In a second aspect, the invention provides a detection kit comprising a substance for detecting S L C25A5, optionally a substance for detecting Tpm2, optionally a substance for detecting DAG1, in a specific embodiment of the invention, the detection kit comprises a combination of a substance for detecting S L C25A5 and a substance for detecting Tpm2, in another specific embodiment of the invention, the detection kit comprises a combination of a substance for detecting S L C25A5 and a substance for detecting DAG1, in another specific embodiment of the invention, the detection kit comprises a specific selection of a substance for detecting S L C25A5, a substance for detecting Tpm2 and a substance for detecting DAG1, a specific selection of a substance for detecting S L C25A5, a substance for detecting Tpm2 and a substance for detecting DAG1, and a specific method of using the kit can be seen in the first aspect of the invention, which is not repeated.
The detection kit provided by the invention can also comprise other reagents, and a person skilled in the art can select and add the required reagents into the detection kit according to the detection principle corresponding to the detection kit.
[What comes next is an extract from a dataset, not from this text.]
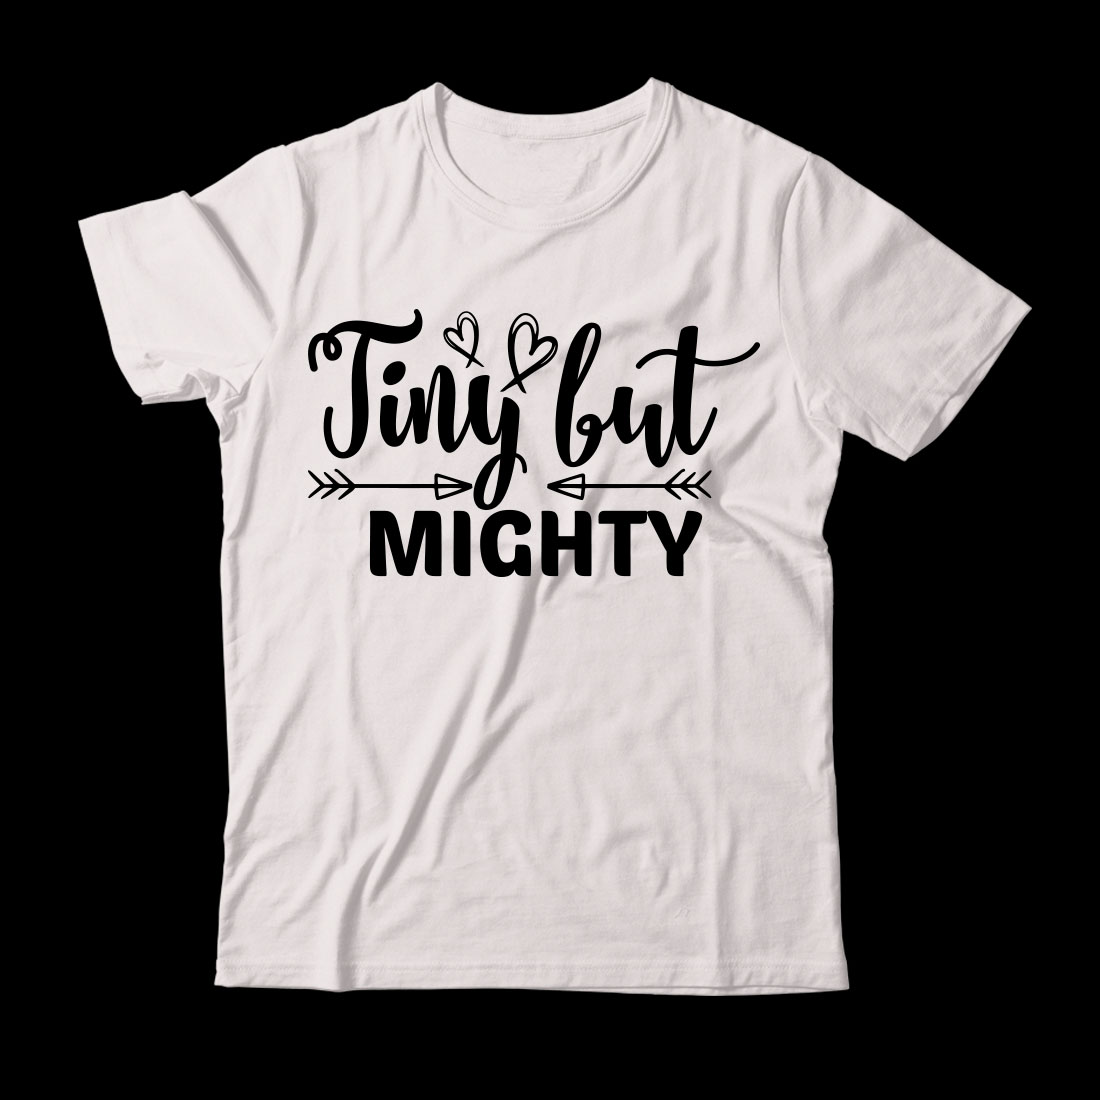 White t - shirt that says tiny but mighty.

In a third aspect of the invention there is provided a Biomarker selected from the group consisting of S L C25A5, optionally also including Tpm2, and optionally also DAG 1. a Biomarker (Biomarker) generally refers to a biochemical marker that can mark changes in the structure or function of systems, organs, tissues, cells and sub-cells or changes that may occur, and thus can be used for diagnosis, prognosis or risk assessment of disease etc. in a particular embodiment of the invention, the Biomarker is selected from the group consisting of S L C25A5. in a particular embodiment of the invention, the Biomarker is selected from the group consisting of S L C25A5 and Tpm 2. in another particular embodiment of the invention, the Biomarker is selected from the group consisting of S L C25A5 and DAG 1. in another particular embodiment of the invention, the Biomarker is selected from the group consisting of S L C25A5, Tpm2 and DAG 1. in a subject having a relation to the development of atherosclerosis or not having the relation to the porridge 5A and/or the subject having atherosclerosis.
In a fourth aspect, the invention provides the use of a biomarker provided in the third aspect of the invention in the manufacture of a kit for the diagnosis of atherosclerosis.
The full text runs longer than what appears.